他一邊說,一邊讓鈴蘭在他身旁坐下,“老夫的乳名叫渠軒,如果不是故人介紹,你們怕是找不到這裡的。”
鈴蘭但笑不語,心下明白他是要為自己診脈,便將手臂伸了出去。不知怎麼的,心裡卻是莫名一陣緊張。
渠軒老人診過脈,笑說,“姑娘體內的寒毒,最近發作的比較厲害,一定受了不少苦吧?”
她見他說對,沉吟低頭,隨後露出一副淡然的神色,“小女打小就是這麼過來的……”
他聽她這樣輕描淡寫,不由笑,“姑娘的忍耐力真是非同一般。這是一粒止痛藥丸,你現在就服下,老夫保你七日之內免受寒毒肆虐之苦。”
鈴蘭接過藥,連忙道謝,隨即藉著胤祥遞來的水吞了下去。
過後,渠軒老人神色嚴正地對她說,“既然姑娘知道自己的病情,那老夫也就不再隱瞞。你體內的寒毒,老夫並無十全的把握……”
他這話剛完,十三阿哥就忍不住急問:“前輩這話當如何解釋?”
渠軒老人看著他,低聲道:“她身上的寒毒已有十幾年之久。若是早來個十年八年,老夫說不定還有辦法。現在,到了如此地步,即使藉助紫瓊血玉的功能,頂多也只能除之七分!”

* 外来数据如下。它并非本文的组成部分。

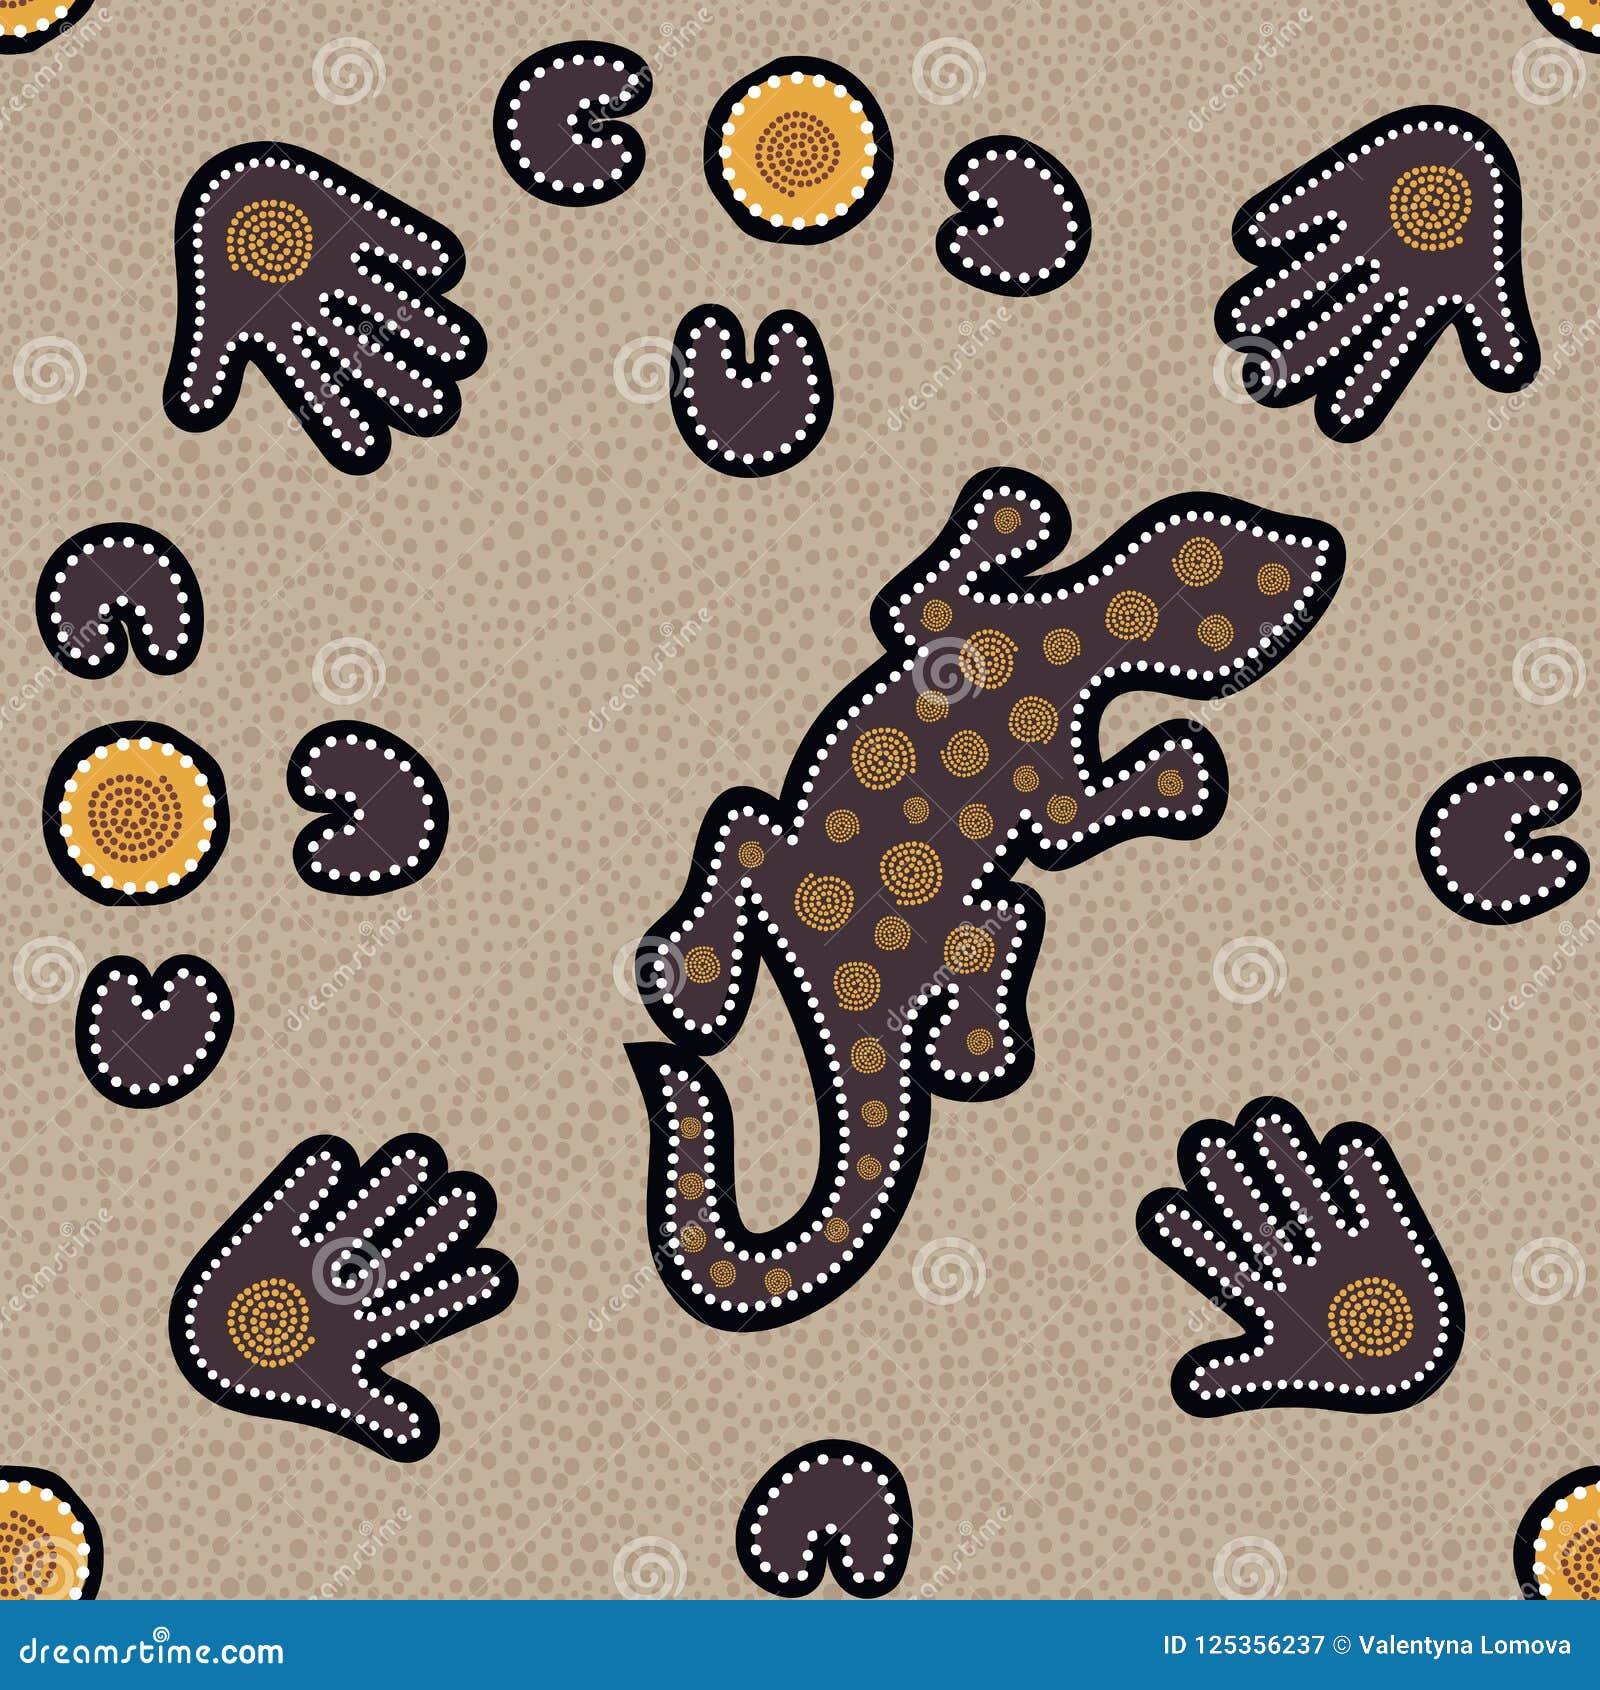 Australisches eingeborenes nahtloses Muster mit punktierten Kreisen, Eidechse, Palmen, Bumerangs und Spiralen

鈴蘭聽了,對著十三阿哥嫣然一笑,“能夠這樣,咱們是不是也該知足了?”
他對著她點點頭,但臉上的表情卻不似她這般純然。就在他神情恍惚時,鈴蘭卻坦然地問起了治療所需的時段。
“大概需要兩年左右的時間。”
鈴蘭笑,“這比小女預料的要少多了。”
渠軒老人似乎對鈴蘭的回答很滿意,隨其笑道:“姑娘小小年紀,就學會對一切事淡然處之,看來你早就有心理準備了。至於夏家的事,我們這些外人不好說什麼。你們夏家老宅現仍在洞庭湖畔,姑娘有什麼要問的,可去找看守祠堂的溫老爹。”
鈴蘭以前早就想知道夏家的訊息,現在忽然得曉,她忙笑著答謝:“多謝前輩指點,但……小女還有一事相求。”
“姑娘請講!”
“家母當年和家父離散,後不得已另嫁他人。所以小女這次前來,主要還是為了瞧病。認親之說還不曾想,怕的就是相見後猛生尷尬……”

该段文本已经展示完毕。